I'm sorry, Chronochromie. I should have added Schubert's 13th as well. The last three are arguably his most important and I feel the 1st movement of the 15th is as close to Beethoven as he could have got but it is full of everything that is unique to Schubert, too.


----------



## Pugg (Aug 8, 2014)

Art Rock said:


> Schubert. Even though I love the Beethoven quartets.


I am with Art Rock.


----------



## mmsbls (Mar 6, 2011)

Very tough call. I'd probably go with Beethoven because of the Grosse Fuge. At one time I disliked it, but now it's perhaps my favorite quartet (or part depending n how one looks at it).


----------



## beetzart (Dec 30, 2009)

hpowders said:


> I place Schubert's G Major String Quartet in a class by itself....but I also place the Beethoven A minor Quartet in a class by itelf too...and I also place Mendelssohn's A minor quartet in a class by itself also.
> 
> It's insane to have to choose in this way.
> 
> Play all of those in the OP as much as you fancy, and be grateful you weren't born 100 years before Beethoven and Schubert, assuming these are two of your favorite composers.


Haha, the deprivation view! They are up there as my favourite composers but I could have managed with Bach, Handel, and Scarlatti; if I knew no better. Well actually those three are enough for an entire lifetime these days without any further composers being added. 

I love Beethoven's 15th SQ, too. The ending of the first movement is particulalry special!


----------



## Alydon (May 16, 2012)

The Schubert quartets are masterpieces but the Beethoven is from a man who had lived such an intense and tormented life that his last quartets have such a universal resolution that they are more than the sum of their parts. Also Beethoven had the benefit of living for twenty five years longer than Schubert thus having much more musical weight behind his work. However, I still wouldn't want to live without either, so I wouldn't want to make a choice.


----------



## Fugue Meister (Jul 5, 2014)

beetzart said:


> I too love Schubert. Is it true he never met Beethoven? I read an anecdote that he was in a tavern and Beethoven was the other side of the busy inn and Franz tried to pluck up courage to go and speak to him, but he never did, apparently. I also don't understand why he gets called an amateur composer, maybe in the same category as Czerny. Wasn't there some British musicologist who hated Schubert and wrote many articles explaining why. He even got death threats apparently.


The fault lies with Schubert's non mastery of counterpoint (one of the most important elements of writing for four voices), he had only started taking counterpoint lessons the last year of his life. This is the main reason his quartets don't come close to the brilliance of Beethoven's (who had far surpassed mastery and was well on to bending the rules to his own will).

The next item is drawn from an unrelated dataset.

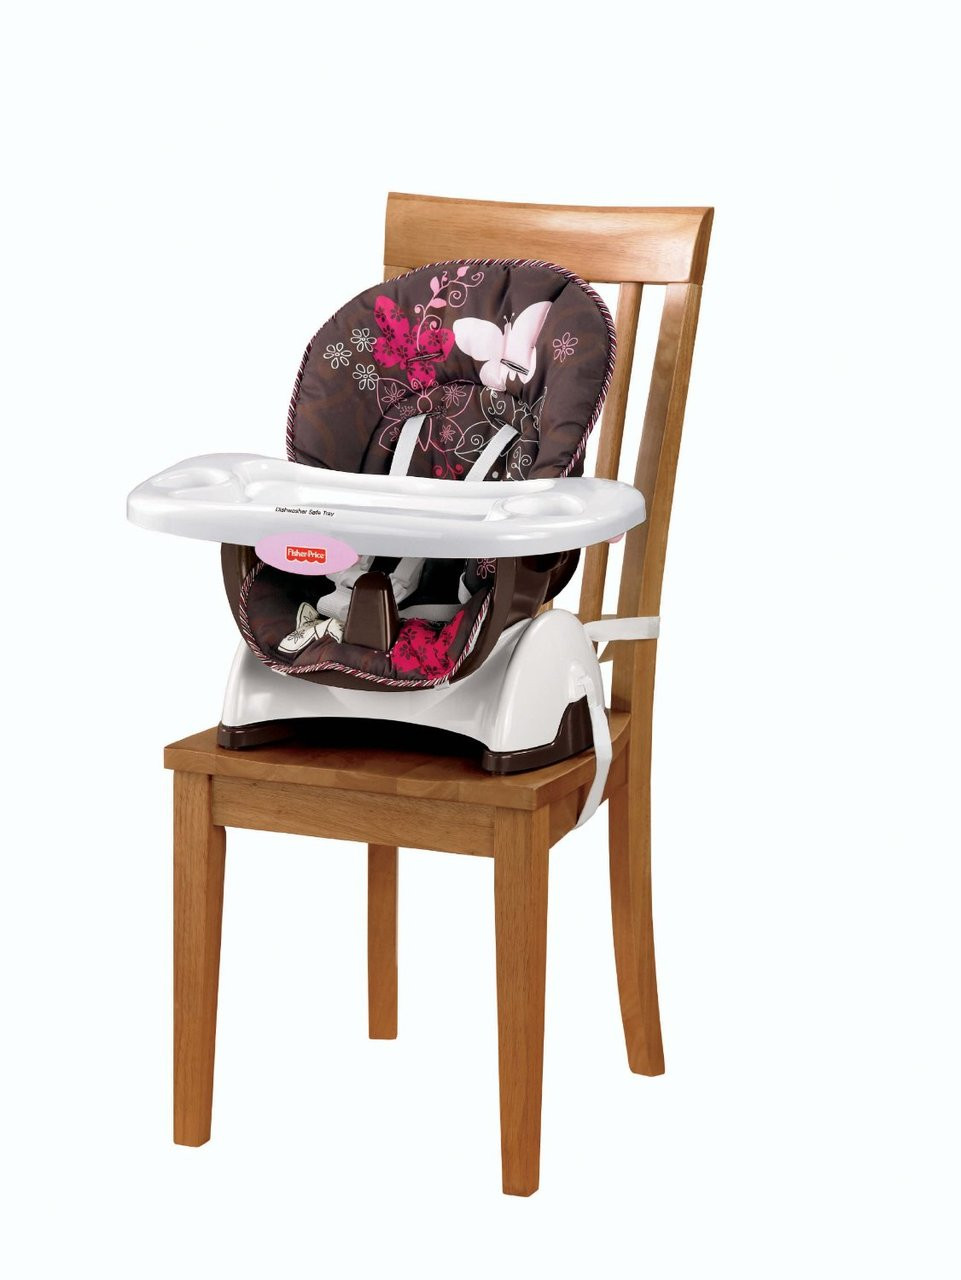 fisher price space saver high chair navy

Don't get me wrong you did pick the finest examples of Schubert's quartet writing but his true masterpieces are to be found in his piano sonatas & songs (of which he was the undisputed master of this form, not even ole LvB could best him here).

When it comes to Beethoven's quartets, I don't know if any music in the history of mankind has come close to what Beethoven achieved with his late quartets, truly music from another world.


----------



## jegreenwood (Dec 25, 2015)

Chronochromie said:


> Why leave out the Rosamunde quartet?


Throw in the Quintet and I'd choose Schubert.


----------



## mmsbls (Mar 6, 2011)

jegreenwood said:


> Throw in the Quintet and I'd choose Schubert.


I would probably pick Schubert's Quintet over any chamber work from Beethoven, but I'd probably still go with Beethoven's late quartets over Schubert's late quartets plus the quintet. Of course, they're all simply sublime works so the choice is not impactful in any way.


----------



## beetzart (Dec 30, 2009)

Fugue Meister said:


> When it comes to Beethoven's quartets, I don't know if any music in the history of mankind has come close to what Beethoven achieved with his late quartets, truly music from another world.


Yes, they are quite sublime, yet many people will go through life never hearing a single note of them. Do they truly have some kind of value that is beyond our preference or comprehension?


----------